[Opening Given data section]

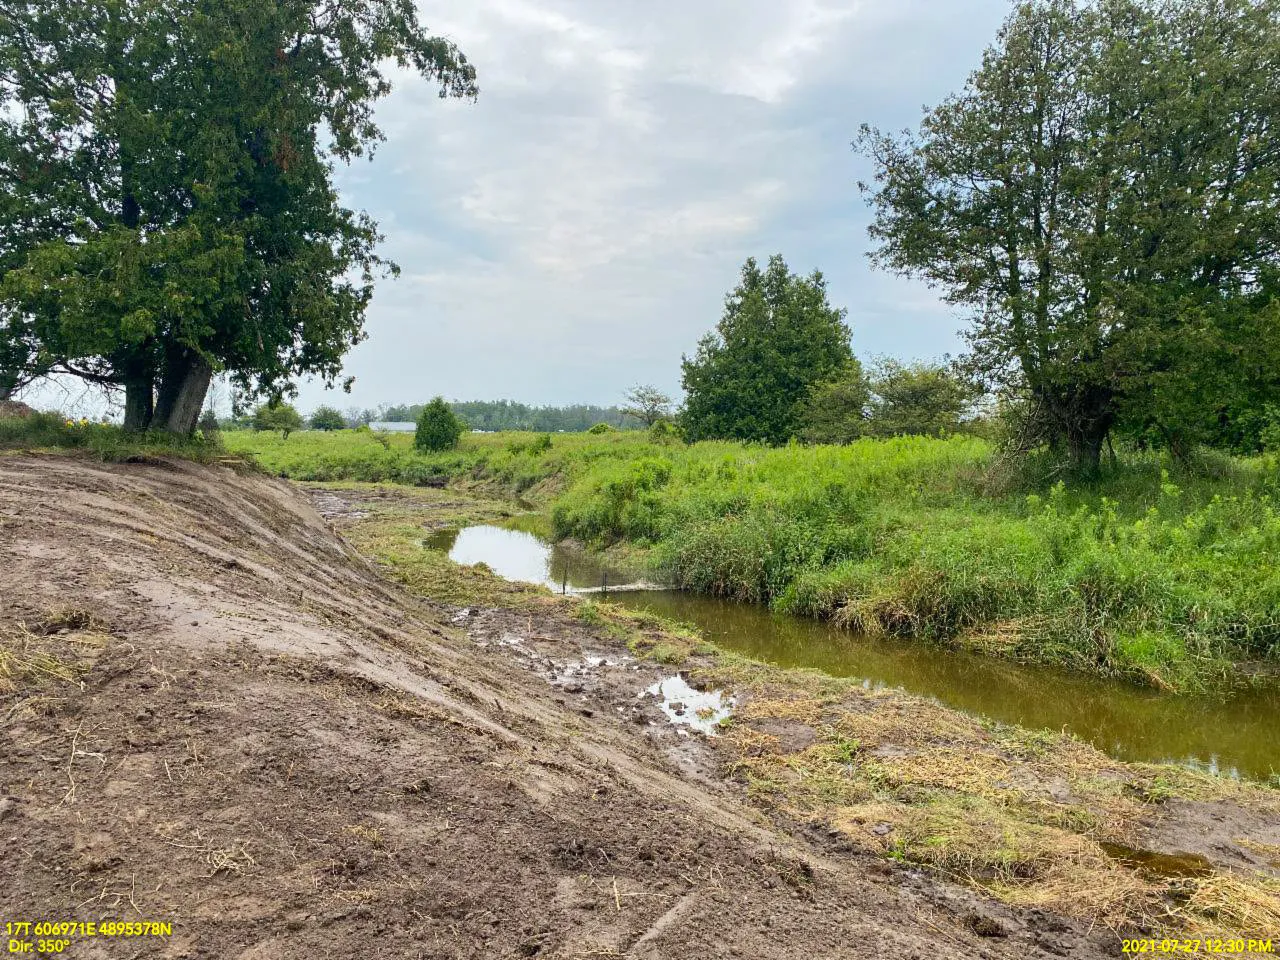 Innisfil Drain new banks with sod mats
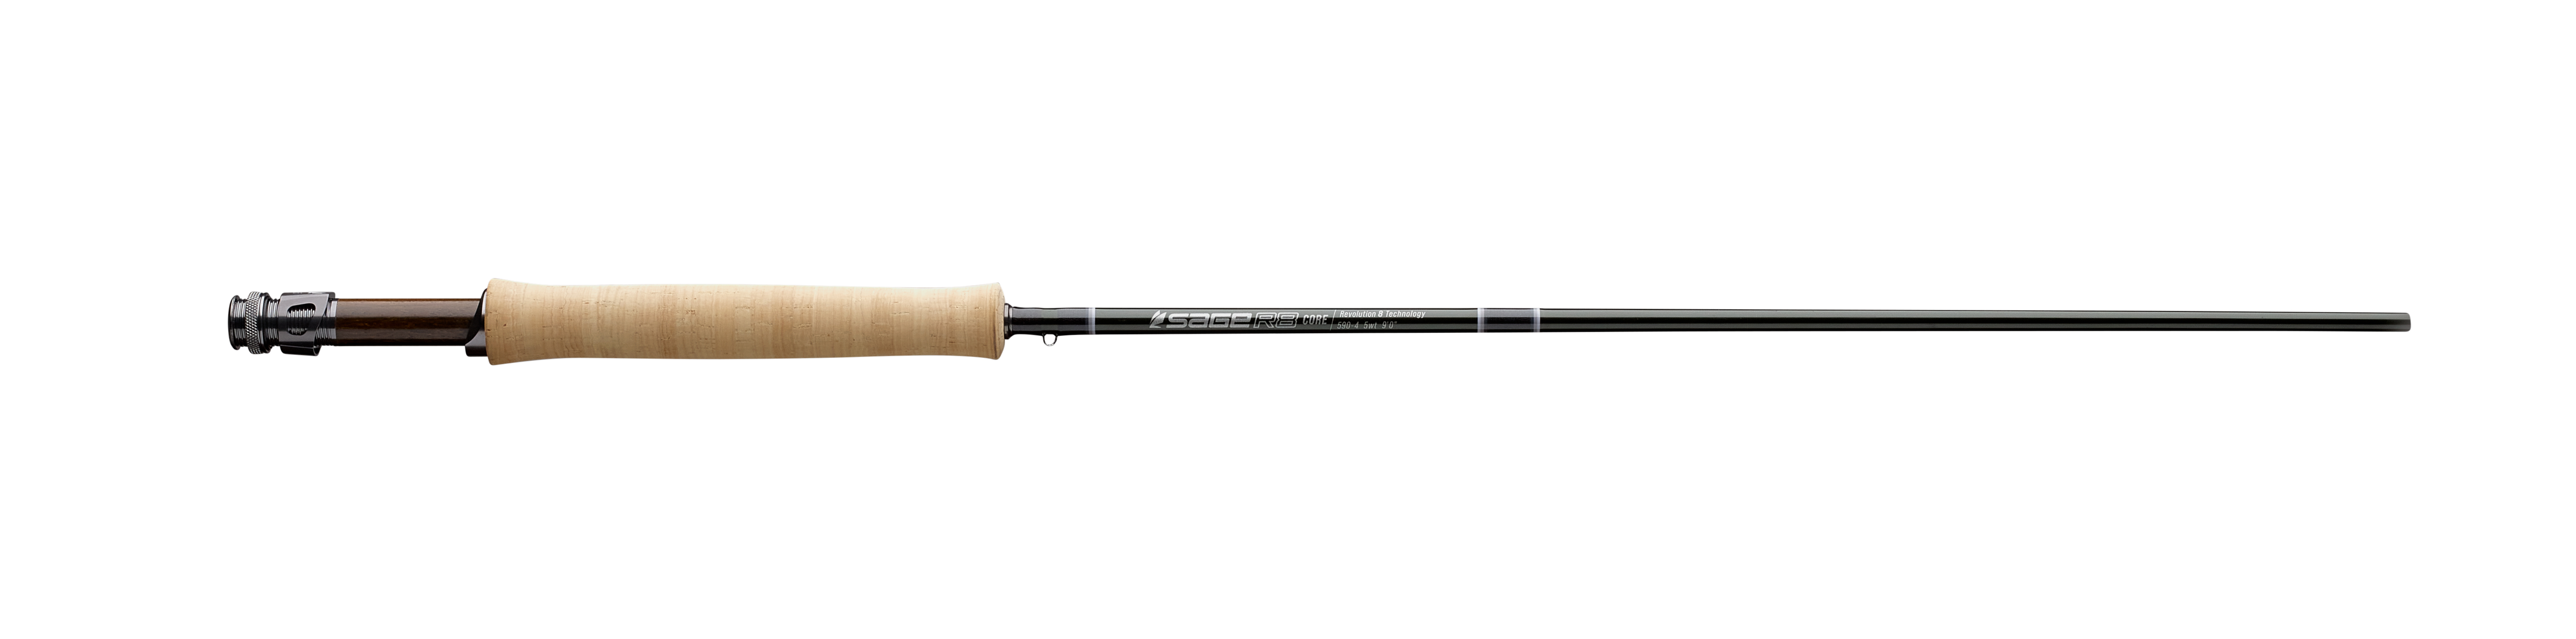 First Casts: Sage R8 Core Fly Rod Series - Western Rivers Flyfisher
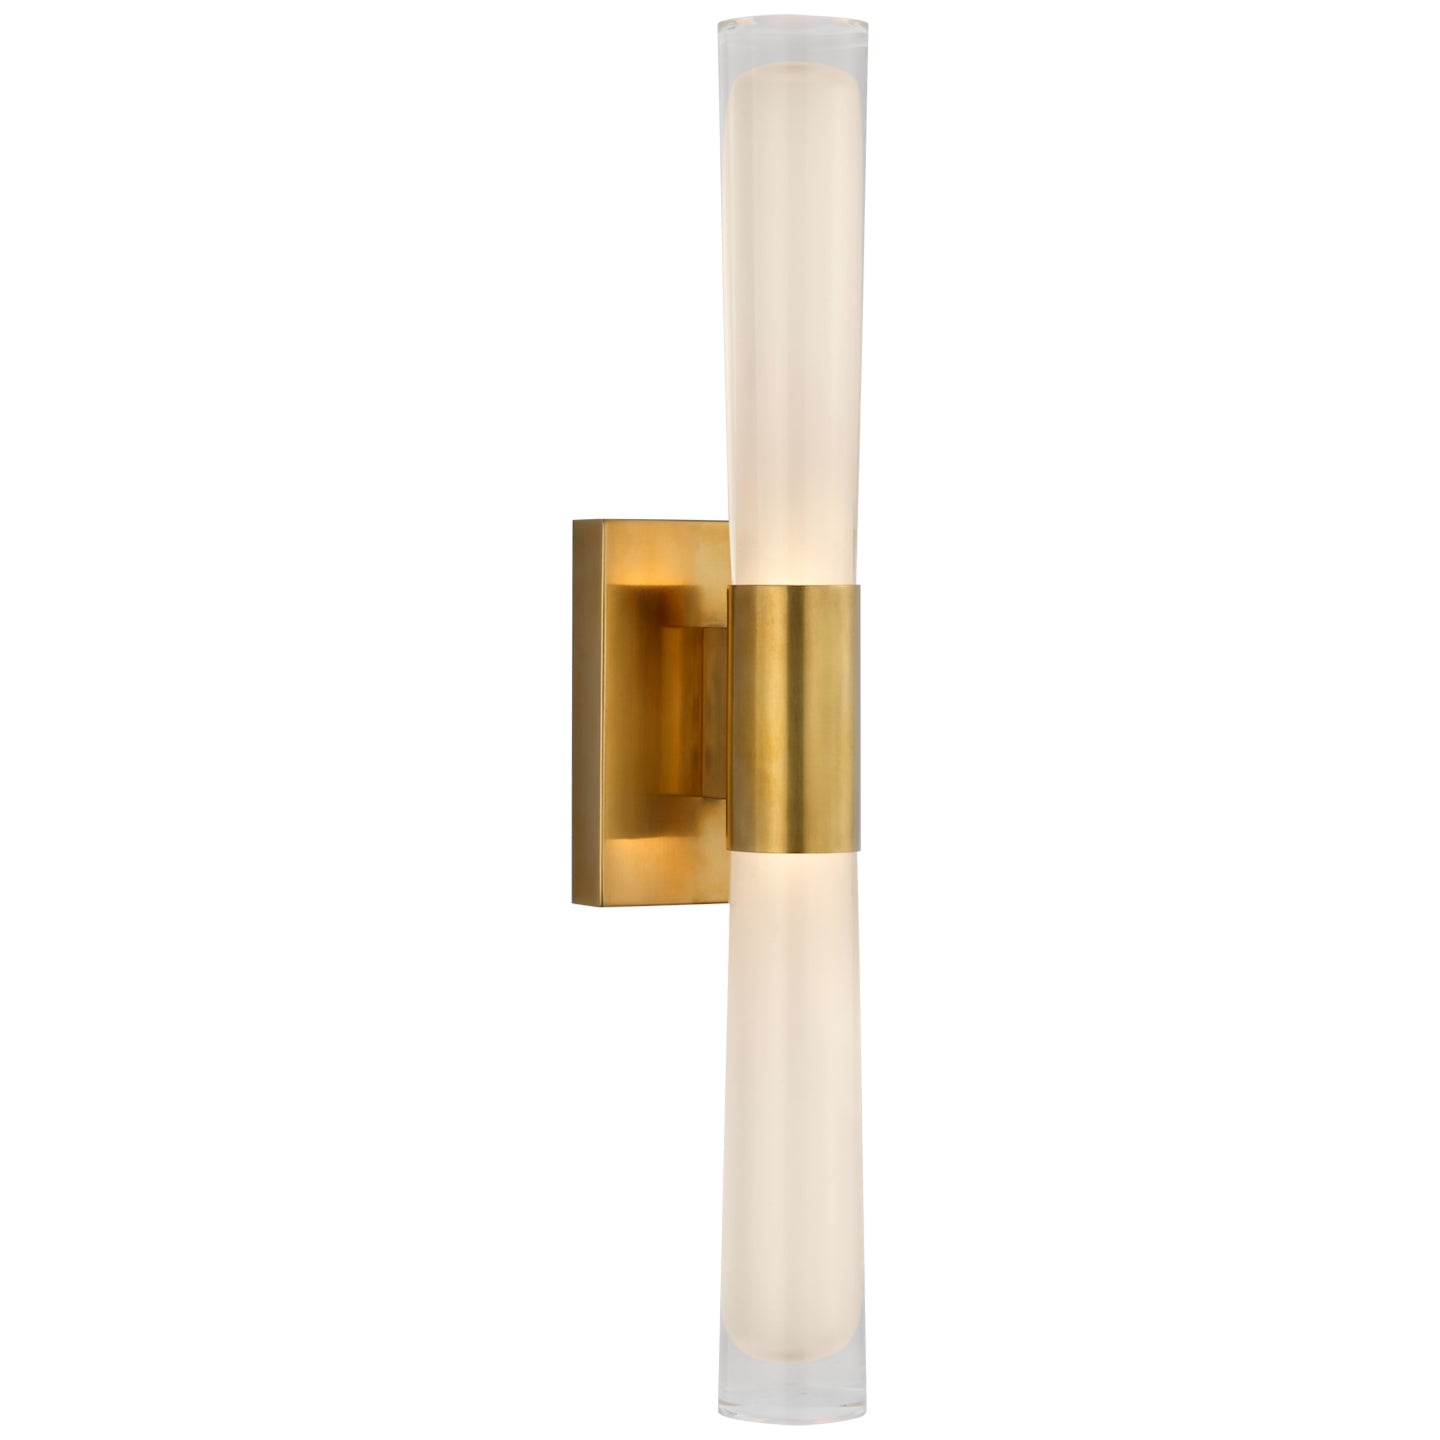 Load image into Gallery viewer, Visual Comfort Signature - ARN 2473HAB-CG - LED Wall Sconce - Brenta - Hand-Rubbed Antique Brass
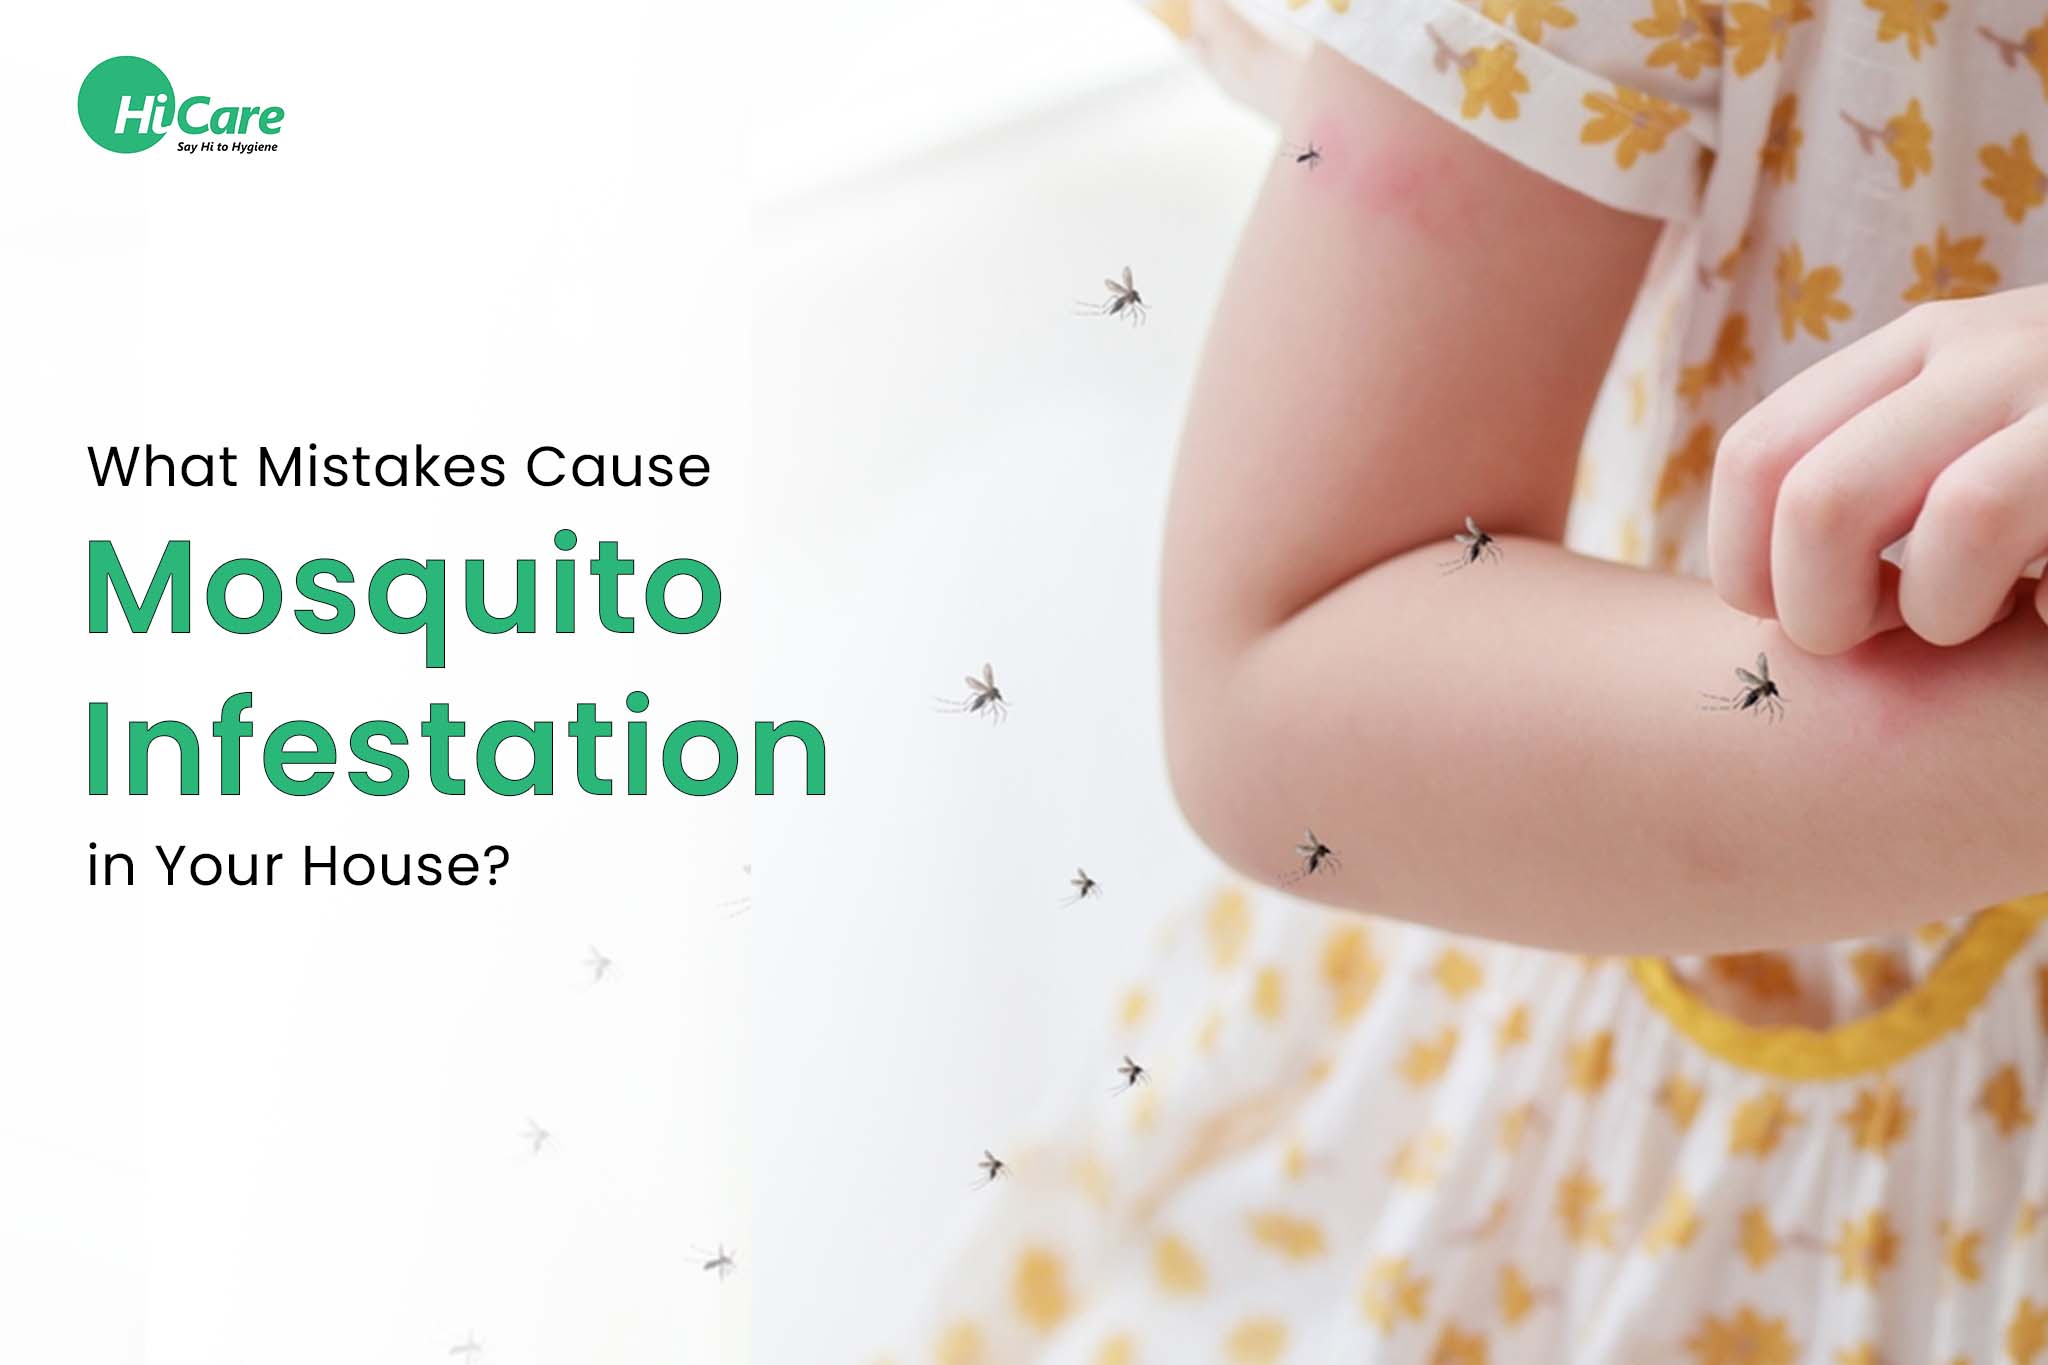 What Mistakes Cause Mosquito Infestation in Your House?

[Closing Given data section]

● **Work to complete**
Write out the listing word for word, omitting the pictures it holds.

● **Exercise output**
 Innisfil Drain new banks with sod mats
 First Casts: Sage R8 Core Fly Rod Series - Western Rivers Flyfisher
 Load image into Gallery viewer, Visual Comfort Signature - ARN 2473HAB-CG - LED Wall Sconce - Brenta - Hand-Rubbed Antique Brass
 What Mistakes Cause Mosquito Infestation in Your House?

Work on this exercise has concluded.